Importance of each variable in developing models such as light gradient boosting machine (A), extreme gradient boosting (B), and random forest (C) models. eGFR estimated glomerular filtration rate.

Discussion

It has become more important to precisely predict AKI in patients undergoing nephrectomy for RCC because surviving patients with AKI will suffer from subsequent chronic kidney disease and other worse outcomes. The present study first applied machine learning algorithms to accomplish the precise prediction of postoperative AKI, and the performance and calibration of these models were better than those of the LR-based reference models. Based on ranking analysis, certain variables were noted to contribute more to the predictive performance of the models. These results indicate that the precise prediction of postoperative AKI is achievable by machine learning despite the complex and interactive relationships of several variables.

A meta-analysis of 71 studies suggested that machine learning algorithms did not improve discriminative power over traditional LR-based models in predicting various clinical outcomes such as diabetes mellitus, infection, heart failure, and cancer34. Nevertheless, one study reported the superiority of machine learning models to the LR model in predicting AKI after minimally invasive laparoscopic or robot-assisted laparoscopic nephrectomy for RCC15. The present study dealing with all operation types supports this result with better model performance. Particularly, the performance improvement by the LightGBM model can be acceptable to alert clinicians of the risk of postoperative AKI.
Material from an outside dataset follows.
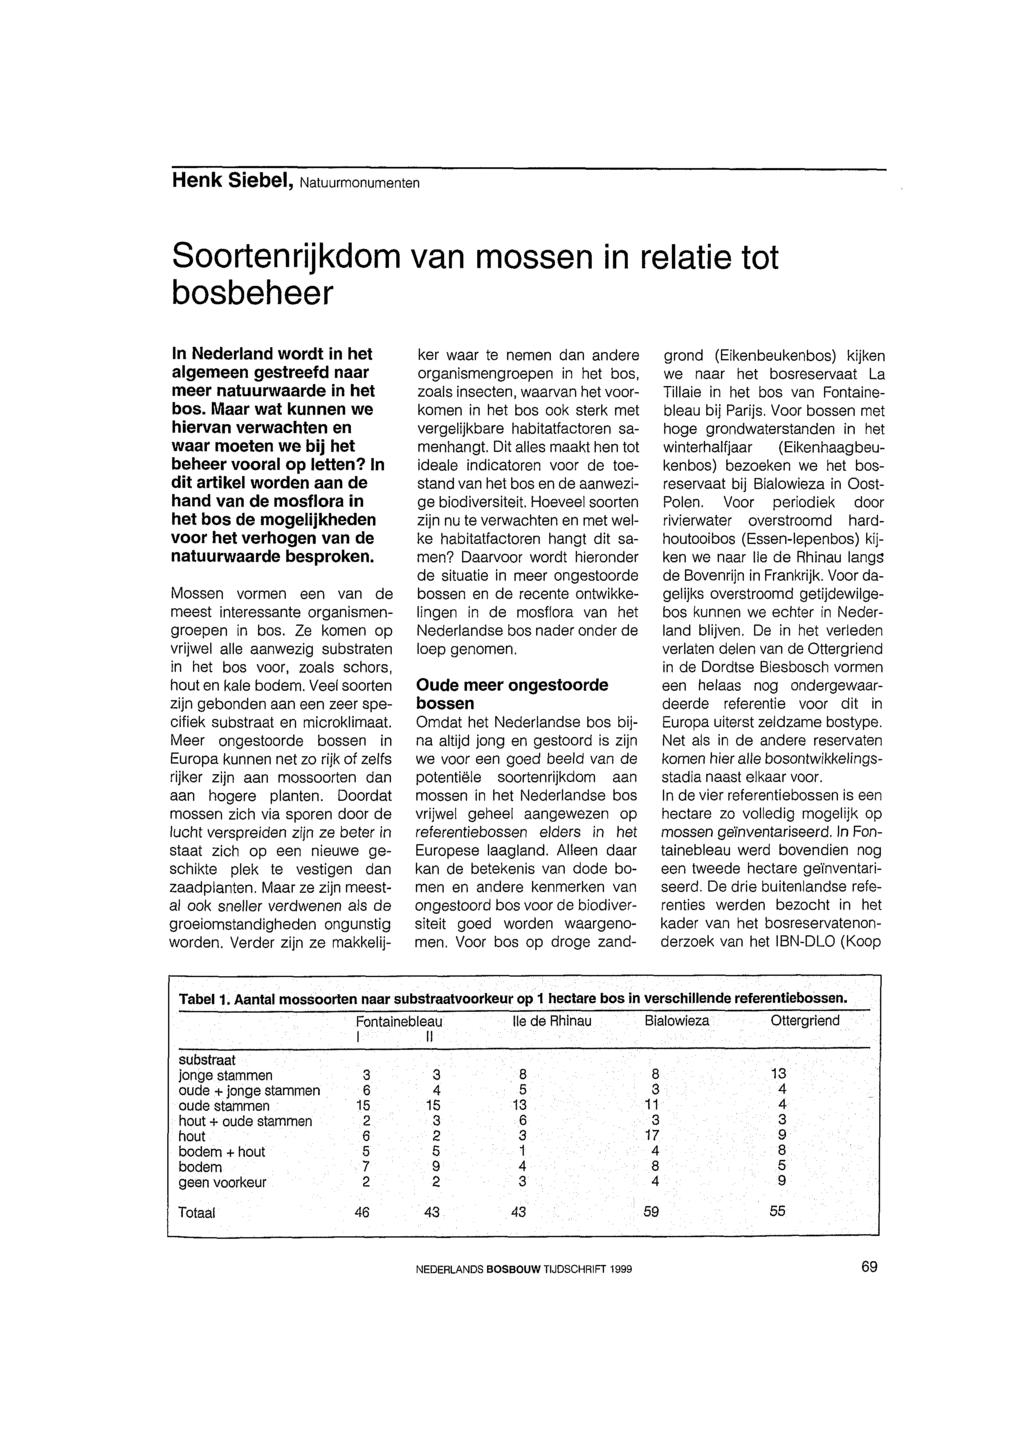 Soortenrijkdom van mossen in relatie tot bosbeheer In Nederland wordt in het algemeen gestreefd naar meer natuurwaarde in het bos.

Decision curve analysis takes into account the weights of different misclassification types with a direct clinical interpretation of the net benefit (i.e., the trade-off between undertreatment and overtreatment in the model)32,33. It is useful to compare models where the default strategies predict all-or-none outcomes such as AKI. All the machine learning models had greater net benefit over the range of threshold probabilities than the SPARK index. The LR-scoring model had a negative value of net benefit in a high range of threshold probabilities. These results provide clues on how machine learning models will be applicable to clinical practice.

The ranking analysis showed that certain variables such as nephrectomy type, patient characteristics (e.g., age and sex), and laboratory findings (e.g., eGFR and hemoglobin), contributed to the model performance. These results support the findings of previous large cohort studies focusing on postoperative AKI14,15,16,17,18,19. Only one or two variables may not be enough to accomplish a perfect prediction. Accordingly, modeling with at least the top variables obtained from the ranking analysis is needed if another model in an independent population should be developed.

Although the results were informative, some limitations should be discussed. The study design was retrospective in nature which may have potential selection bias. The study identified the most important variables with respect to predicting mortality, but we could not obtain certain degrees of risk, such as the relative risk, which is a common limitation of machine learning algorithms. The study results may not be applicable to some specific populations such as patients with metastasis or kidney transplant recipients. Concerns could be raised regarding other issues such as the absence of external validation and the effects of unidentified factors.

The application of machine learning algorithms improves the predictability of AKI after nephrectomy for RCC, and these models performed better than conventional LR-based models. If machine learning-based prediction models are successfully applied in clinical practice, the overall patient outcomes will improve by implementing earlier management. Future studies will explore whether machine learning is also applicable to predicting other outcomes after nephrectomy with validating results in independent cohorts.